* _DATASET EXCERPTS_:

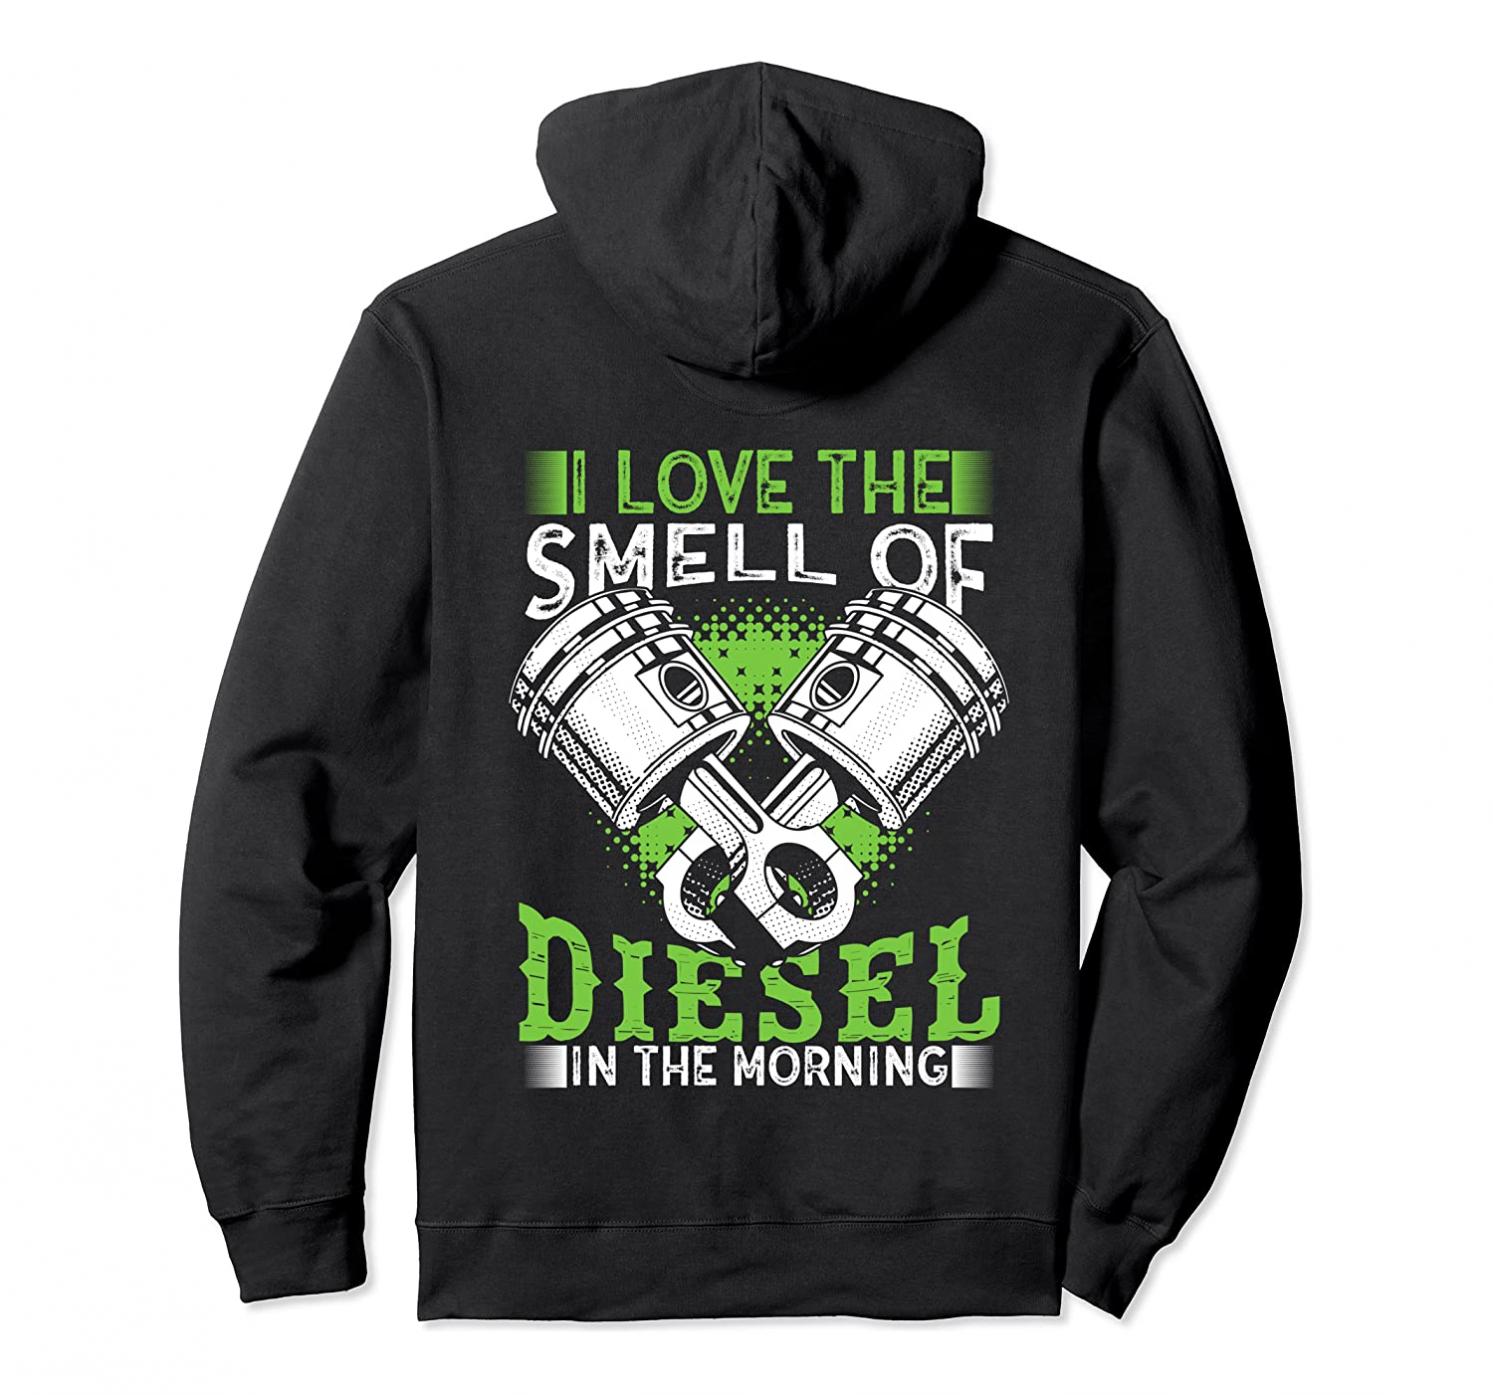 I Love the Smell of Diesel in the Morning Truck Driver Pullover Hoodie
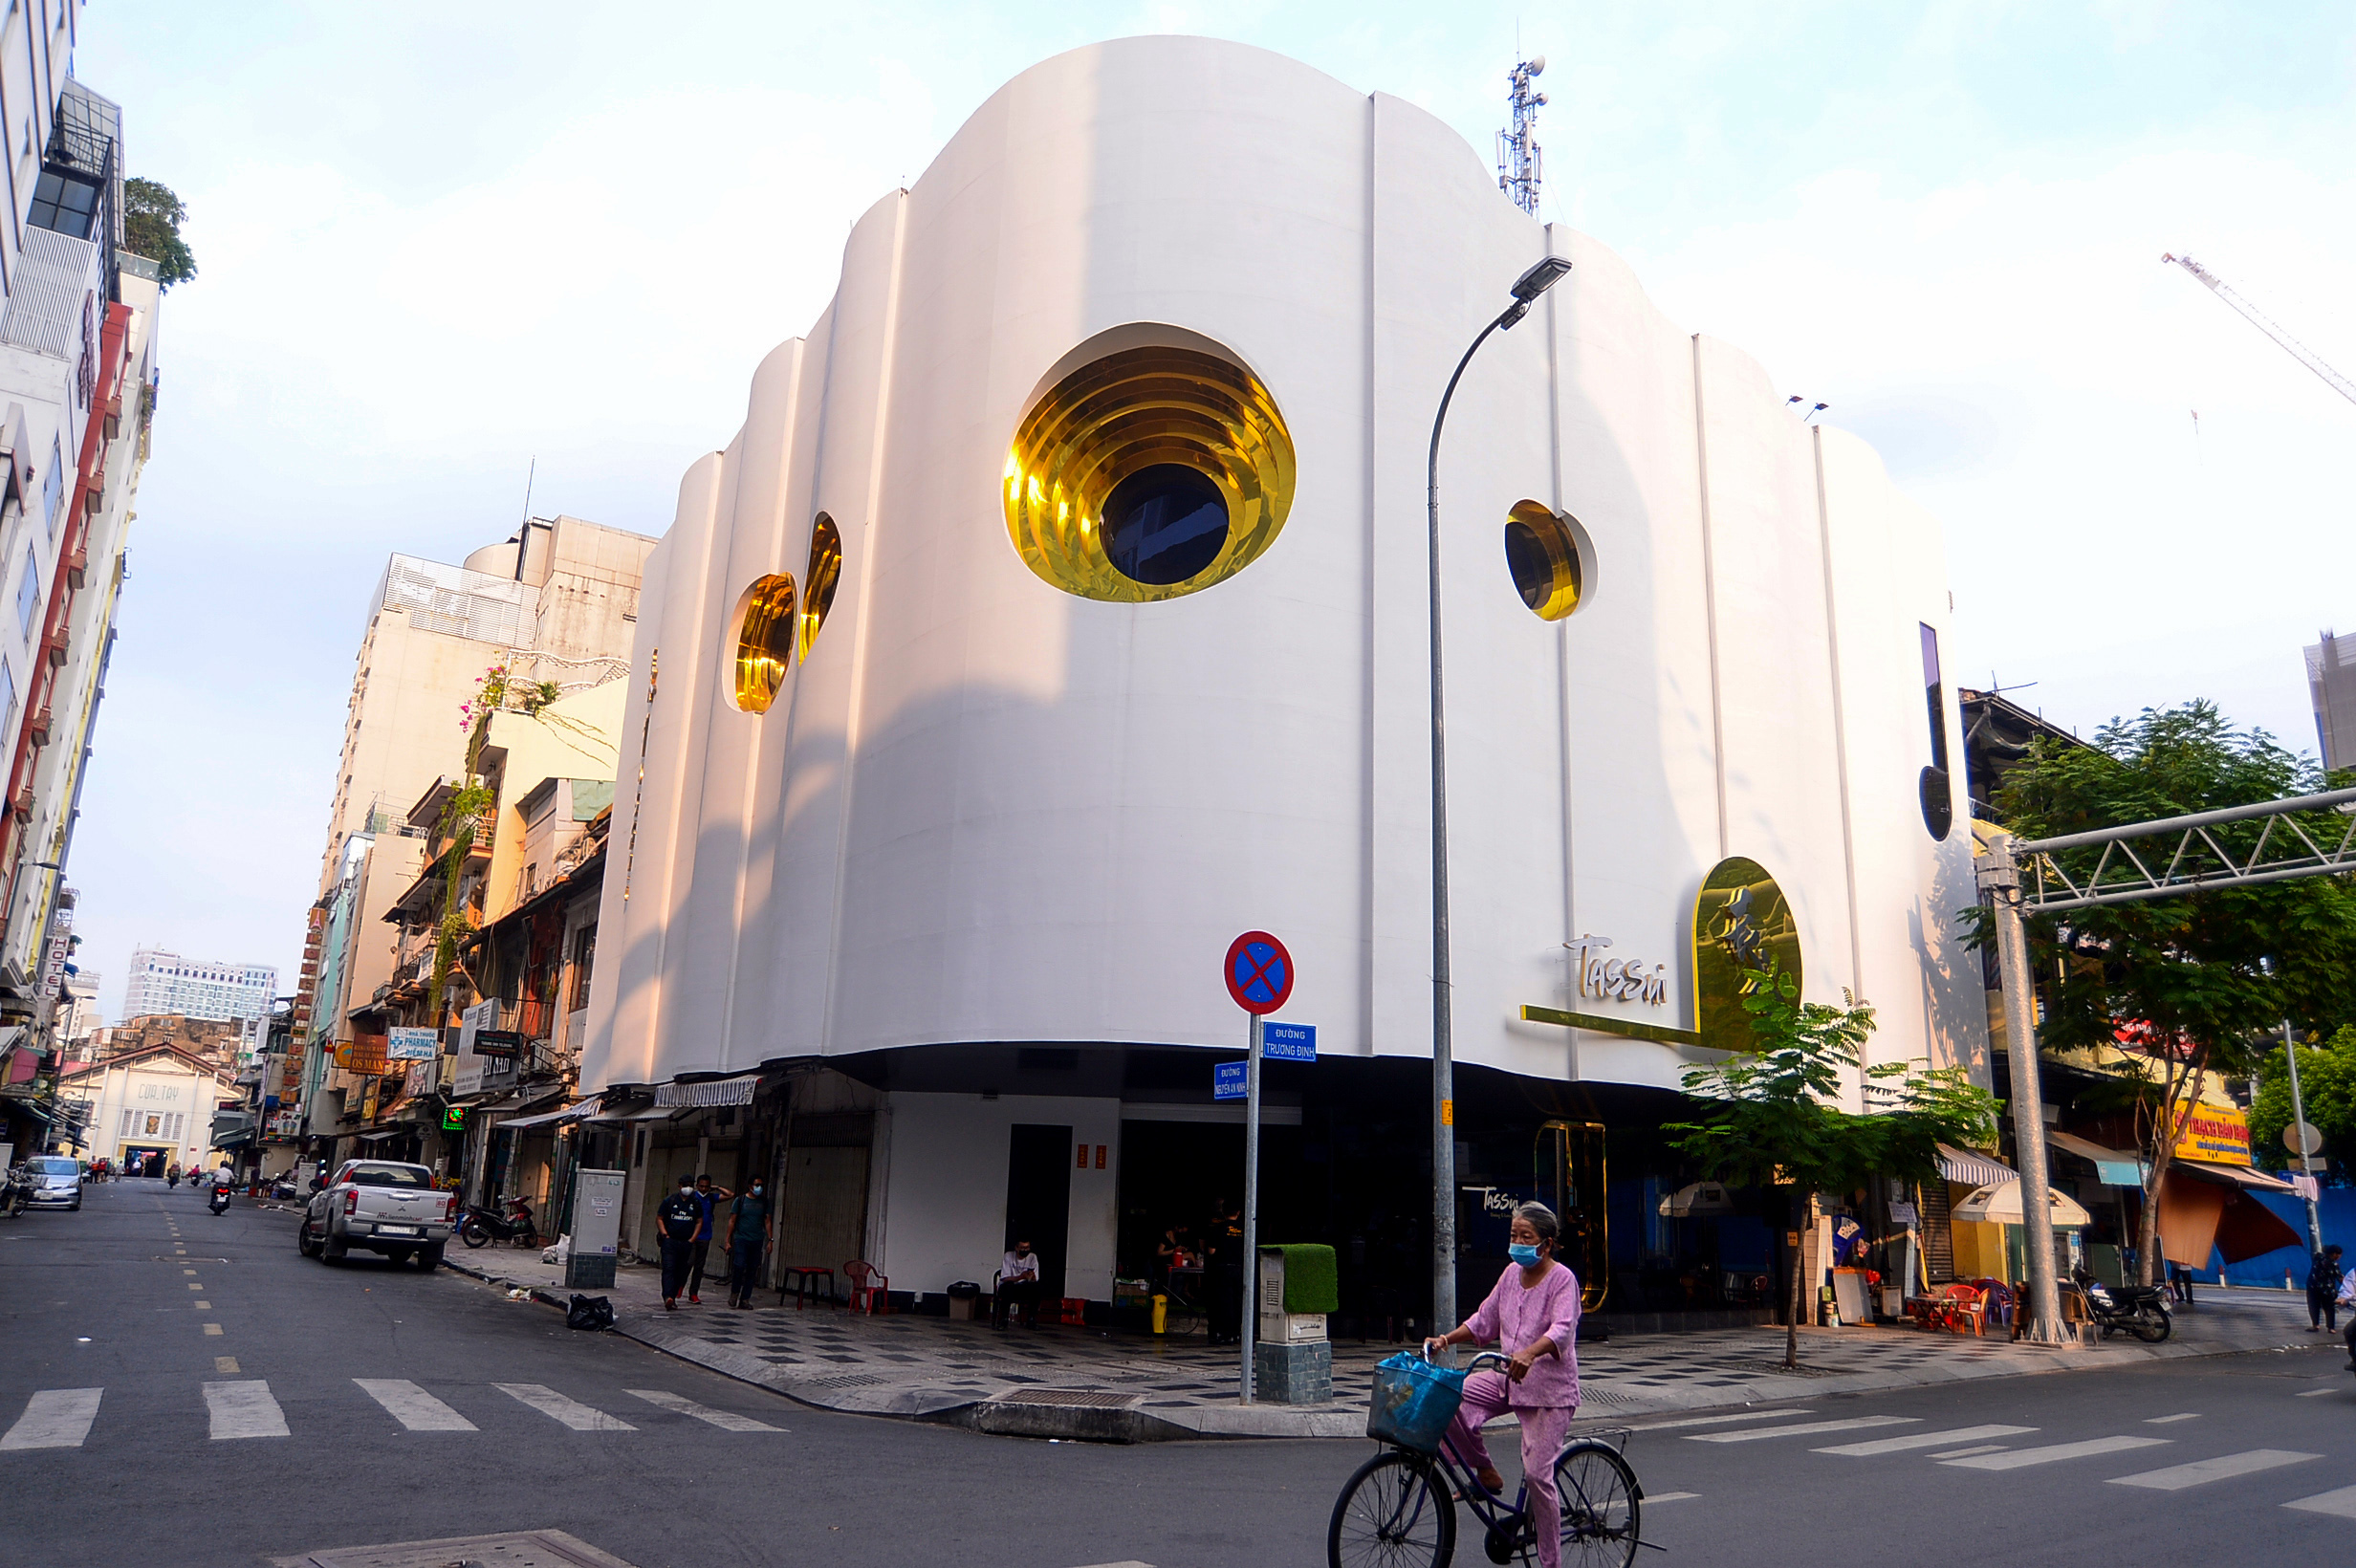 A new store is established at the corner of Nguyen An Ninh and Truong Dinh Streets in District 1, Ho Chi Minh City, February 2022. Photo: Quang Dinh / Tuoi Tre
---
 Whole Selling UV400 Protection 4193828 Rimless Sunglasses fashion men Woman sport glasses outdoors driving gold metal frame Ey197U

* _ASSIGNMENT_: Set the pictures aside and reproduce exactly the lines above, from the line holding "I Love the Smell" through the line holding "A new store", both included, with nothing else.

* _PROBLEM SOLUTION_:
 I Love the Smell of Diesel in the Morning Truck Driver Pullover Hoodie
 A new store is established at the corner of Nguyen An Ninh and Truong Dinh Streets in District 1, Ho Chi Minh City, February 2022. Photo: Quang Dinh / Tuoi Tre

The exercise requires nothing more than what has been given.